The Enterprise: Charles Schwab
Charles Schwab is one of the largest financial services firms in the United States. To improve customer experience, speed up development cycles, and prepare for cloud portability, Charles Schwab is modernizing a significant portion of its applications by migrating to MongoDB-powered microservices. Multiple applications are built on MongoDB, including an authentication app leveraged by retail customers as well as a portfolio management solution utilized by registered investment advisors.
Launch Fast: Coinbase
Coinbase is dedicated to creating an open financial system for the world and defining what the future of finance will look like. To do this, they built the most trusted and regulatory compliant global cryptocurrency trading platform to broker exchanges of Bitcoin, Bitcoin Cash, Ethereum and Litecoin as well as pioneering cryptocurrency indexes and institutional cryptocurrency trading. In 2017, they experienced exponential growth with over 20M+ users and $150B+ being traded on their platform in over 190 countries. The Coinbase engineering team scaled and optimized MongoDB to respond to this unprecedented volume of traffic and to prepare for future waves of cryptocurrency enthusiasm.
Scale: Epic Games
Epic Games develops cutting-edge games and cross-platform gaming engine technology. Their massively popular, multi-platform game, Fortnite, has been played by more than 125 million gamers around the globe. The Epic team has implemented a number of best practices and performance improvements to get the best scaling and availability characteristics out of MongoDB.

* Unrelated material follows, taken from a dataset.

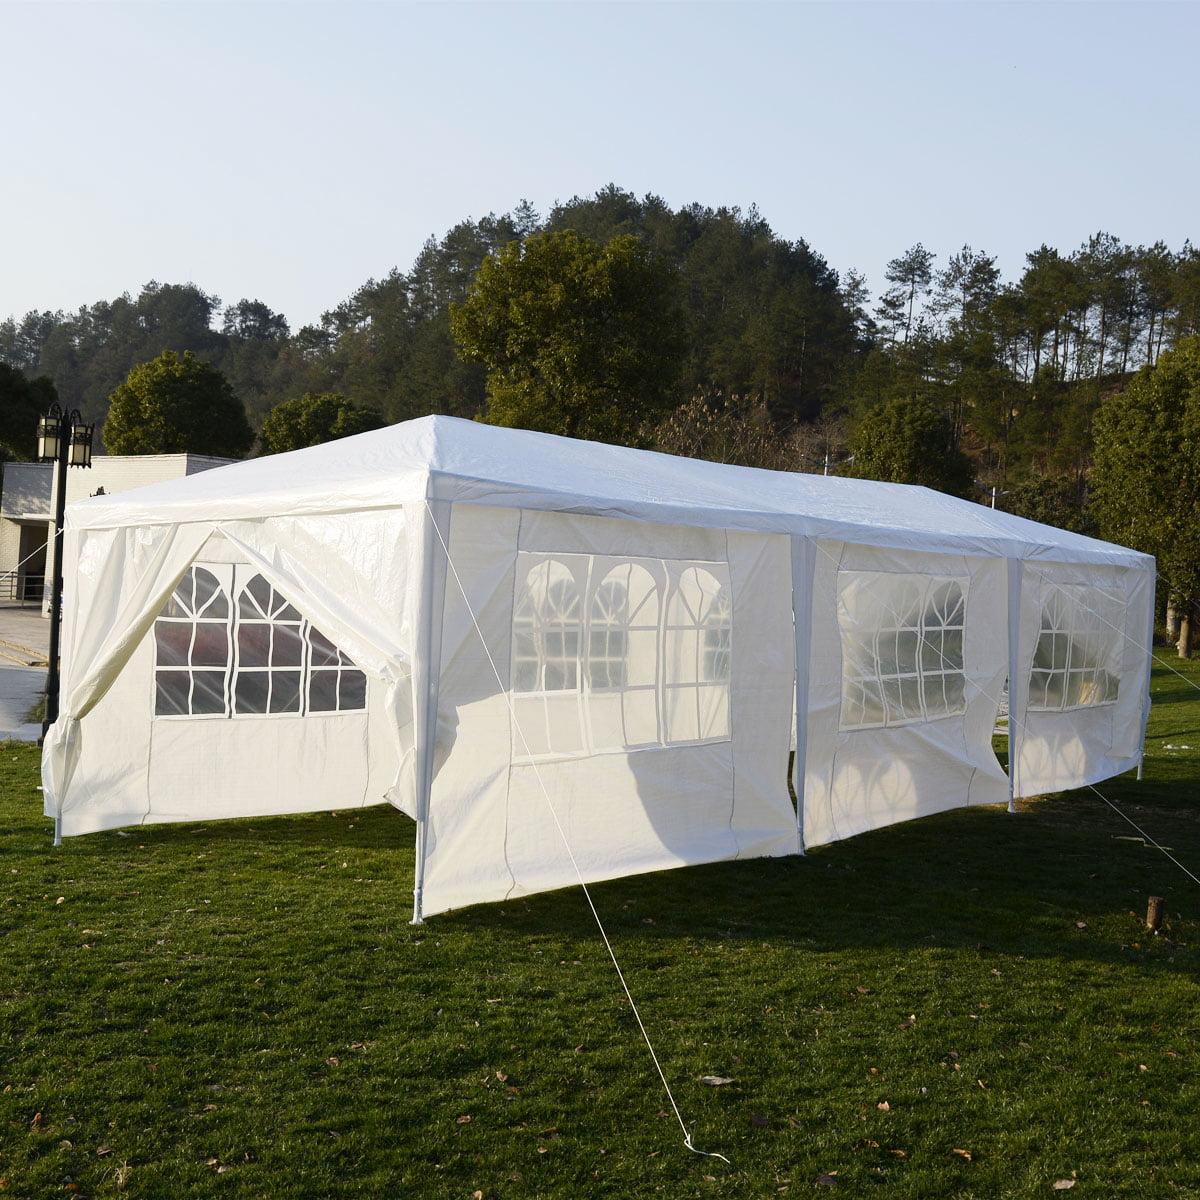 Ktaxon New 10u0027x30u0027 Party Wedding Outdoor Patio Tent Canopy Heavy duty Gazebo Pavilion with 8 Side Walls - Walmart.com & Ktaxon New 10u0027x30u0027 Party Wedding Outdoor Patio Tent Canopy Heavy ...

Data-Driven Business: Freddie Mac
Freddie Mac set out to modernize a number of applications that were previously built on legacy relational databases. One mission-critical application, a property appraisal tool, held massive amounts of property and loan information, but was increasingly expensive and time consuming to update. Turning to MongoDB, Freddie Mac was able to collect information from a variety of different sources in a variety of formats to build a single view of all the information needed to accurately appraise a property. In the months since using MongoDB, Freddie Mac has seen an increase in developer productivity.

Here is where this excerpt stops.